Sen'Derrick Dewayne Marks (born February 23, 1987) is a former American football defensive tackle. He played college football at Auburn, and drafted by the Tennessee Titans in the second round of the 2009 NFL Draft.

Early years
Marks attended Vigor High School in Prichard, Alabama. He played high school football for the Wolves.

College career
Marks played for Auburn under head coach Tommy Tuberville from 2005 to 2008.

On September 22, 2007, Marks recorded an interception against New Mexico State.

On December 30, 2008, Marks announced he would forgo his senior season at Auburn and enter the 2009 NFL Draft.

Marks finished his collegiate career with 115 total tackles, 7.5 sacks, one interception, four passes defensed, and one forced fumble.

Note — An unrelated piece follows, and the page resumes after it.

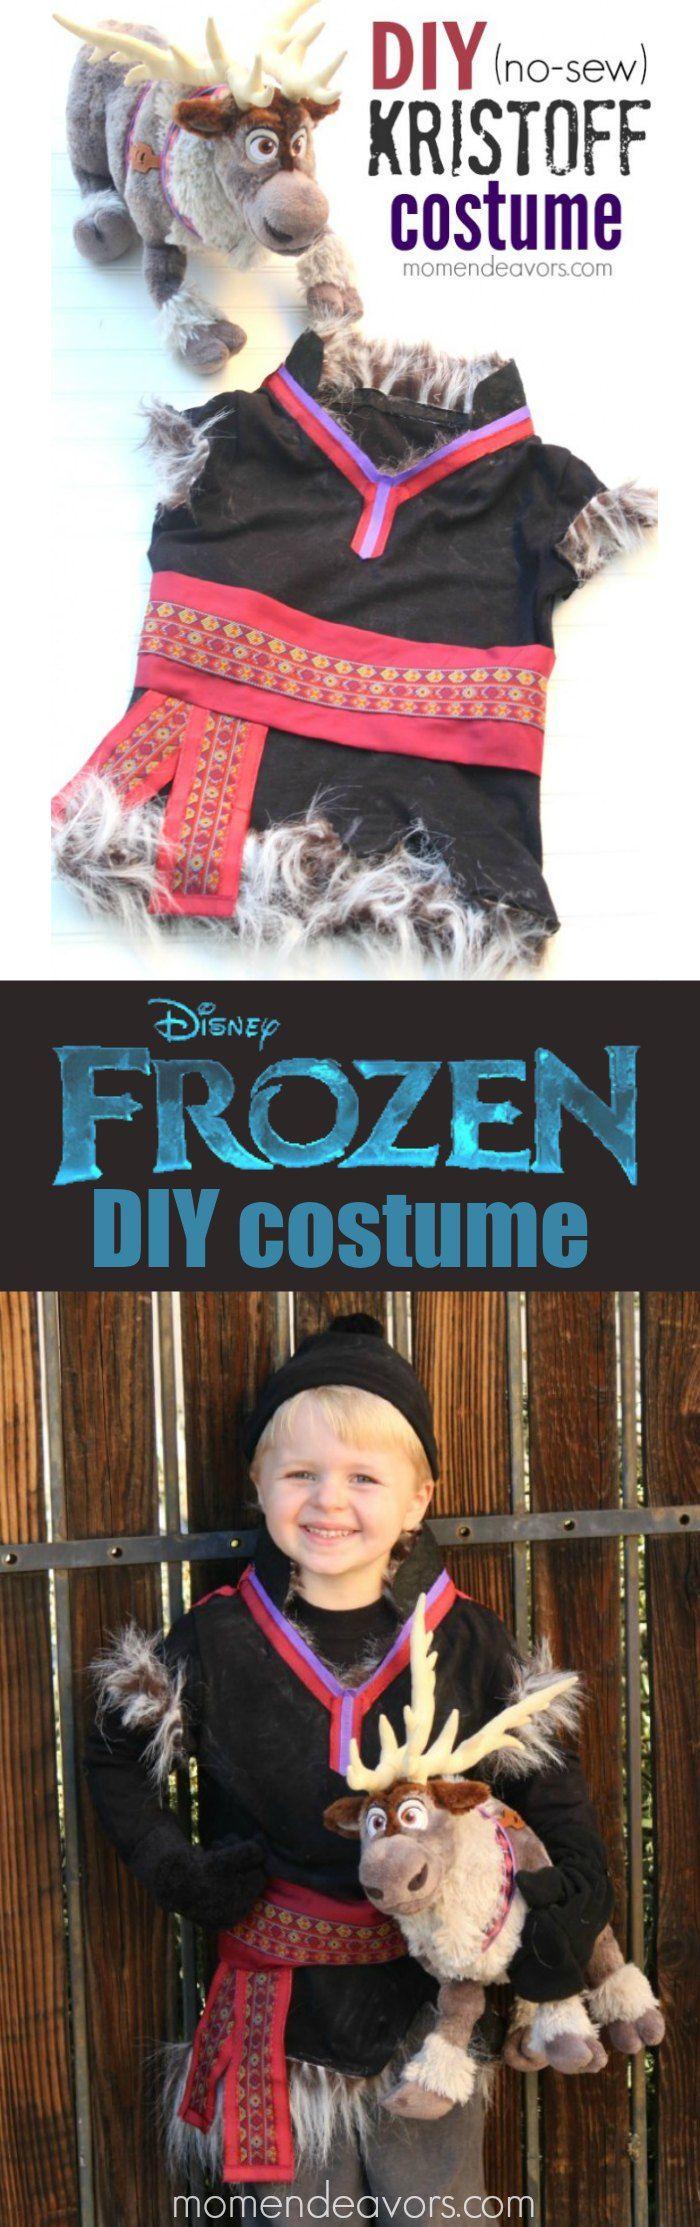 No-Sew DIY Disney FROZEN Kristoff Costume! Perfect Disney Halloween costume for boys!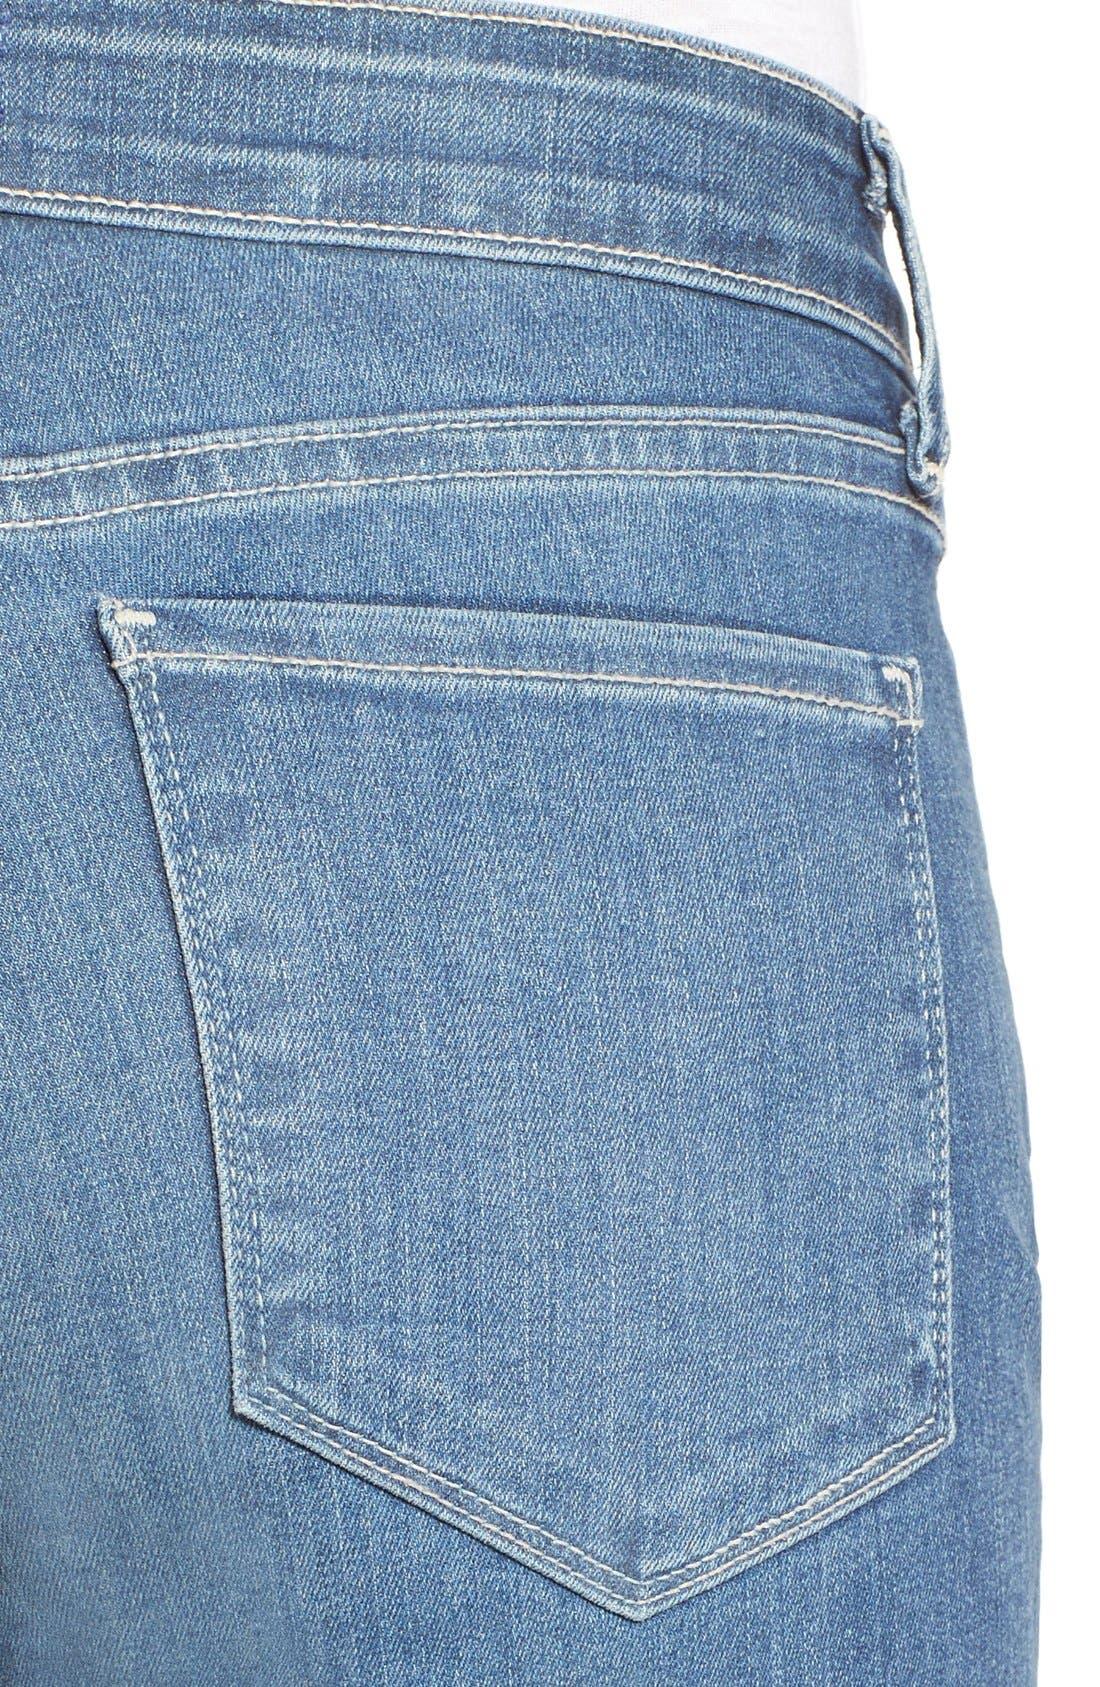 Marilyn Stretch Straight Leg Jeans,                             Alternate thumbnail 4, color,                             Heyburn

 Coaches Freshman All-SEC Team (2006)
 The Sporting News Freshman All-America Third Team (2006)
 Rivals.com First-Team Freshman All-American (2006)
 The Sporting News SEC All-Freshman Team (2006)
 Mark Dorminey Defensive MVP Award (2008)

Professional career

Tennessee Titans
Marks was drafted by the Tennessee Titans in the second round with the 62nd overall pick of the 2009 NFL Draft.

2009 season
Marks made his NFL debut in Week 4 of the 2009 season against the Jacksonville Jaguars and recorded a solo tackle in the 37–17 loss. In the 2009 regular season finale against the Seattle Seahawks, Marks recorded his first career sack against Matt Hasselbeck.

2010 season
In Week 3, against the New York Giants, Marks recorded his first professional interception off of Eli Manning. He made his first start against the Philadelphia Eagles in Week 7.

2011 season
For the first time in his professional career, Marks appeared in all 16 games and made nine starts.

2012 season
Marks appeared in and started 14 games for the Titans in the 2012 season. He recorded 1.5 sacks, 41 total tackles, six quarterback hits, three passes defensed, and one forced fumble.

Jacksonville Jaguars
Marks was signed by the Jacksonville Jaguars on April 2, 2013.

2013 season
Marks had his productive season as a professional in his first season with Jaguars. He started all 16 games and recorded four sacks, 34 total tackles, six tackles-for-loss, ten quarterback hits, eight passes defensed, and two forced fumbles.

2014 season
Marks continued his productive stint with the Jaguars in the 2014 season. He started all 16 games and recorded 8.5 sacks, 44 total tackles, 15 tackles-for-loss, 17 quarterback hits, and three passes defensed. Marks tore his ACL in the regular season finale against the Houston Texans. After the 2014 season, Marks was ranked 76th on the NFL Top 100 Players of 2015 by his fellow players.

2015 season
Marks only played in four games in the 2015 season due to knee and triceps injuries. The triceps injury occurred in Week 10 against the Baltimore Ravens.

2016 season
Marks returned from his injury and played in all 16 games in the 2016 season. He recorded 3.5 sacks, 22 total tackles, seven tackles-for-loss, nine quarterback hits, and one pass defensed.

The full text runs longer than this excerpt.